- Origin: Winnipeg, Manitoba, Canada
- Genres: Alternative country; folk rock; rock;
- Years active: 2013–present
- Labels: Slate Creek Records Birthday Cake Records
- Members: Joey Landreth; David Landreth;
- Past members: Alex Campbell; Cody Iwasiuk; Ryan Voth; Ariel Posen;
- Website: thebroslandreth.com

= The Bros. Landreth =

Canadian country/folk music group

The Bros. Landreth are a Canadian alternative country and folk music group. Their debut album Let It Lie won the Juno Award for Roots & Traditional Album of the Year – Group at the Juno Awards of 2015.

The group was first formed in 2013 by brothers Joey and David Landreth, the sons of Winnipeg musician Wally Landreth. The brothers share vocal duties, while Joey plays guitar and David plays bass. The initial band lineup also included Alex Campbell on piano and Ryan Voth on drums. The band has also toured with musicians Ariel Posen on second guitar, Cody Iwasiuk, Curtis Nowosad and Michael Carbone on drums, and Liam Duncan and Darryl "Duke" Havers on keys.

Let It Lie was released independently in 2013. In 2014, the band signed an American distribution deal with Slate Creek Records, who rereleased the album in the United States and Europe in January 2015.
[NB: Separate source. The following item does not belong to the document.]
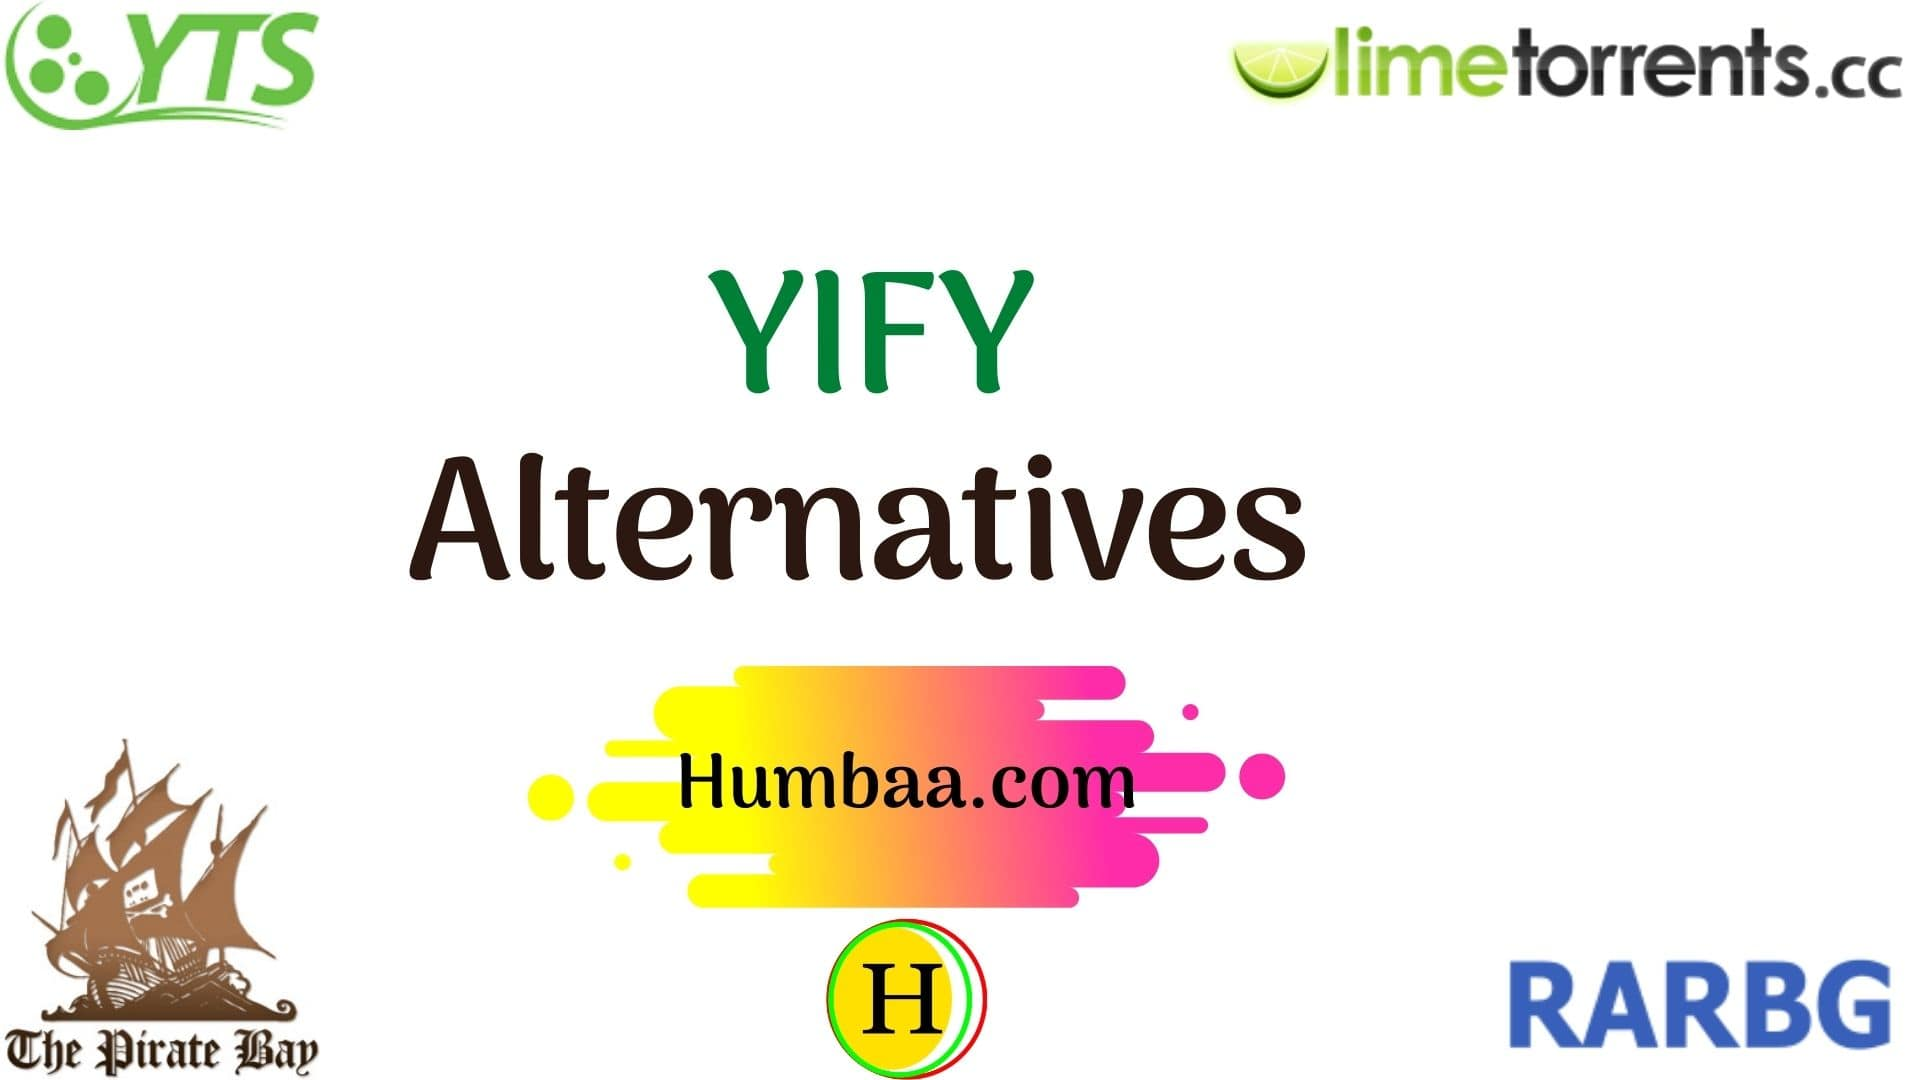 YIFY alternative

At the 10th Canadian Folk Music Awards in 2014, the band won the award for New/Emerging Artist of the Year, and Let It Lie was a nominee for Contemporary Album of the Year. The band was nominated for Songwriter Of The Year and Roots Group Recording Of The Year at the Western Canadian Music Awards.

The band have toured both Canada and the United States. They attracted additional media attention when American rock icon John Oates agreed to perform as an opening act for the band at a 2015 tour stop in Nashville.

In 2019 the band released their album 87.

On February 24, 2022, Bonnie Raitt released a cover of "Made Up Mind", which appears on her album Just Like That.... Her recording of the song won a Grammy Award for Best Americana Performance at the 65th Annual Grammy Awards in 2023.

The band released the album Dog Ear on 14 November 2025. The album features two collaborations with Bonnie Raitt.

==Personal lives==
David Landreth is married to Roberta Hansen, an artist and designer who also won a Juno Award in 2015, in the Recording Package of the Year category, for her work on Steve Bell's album Pilgrimage.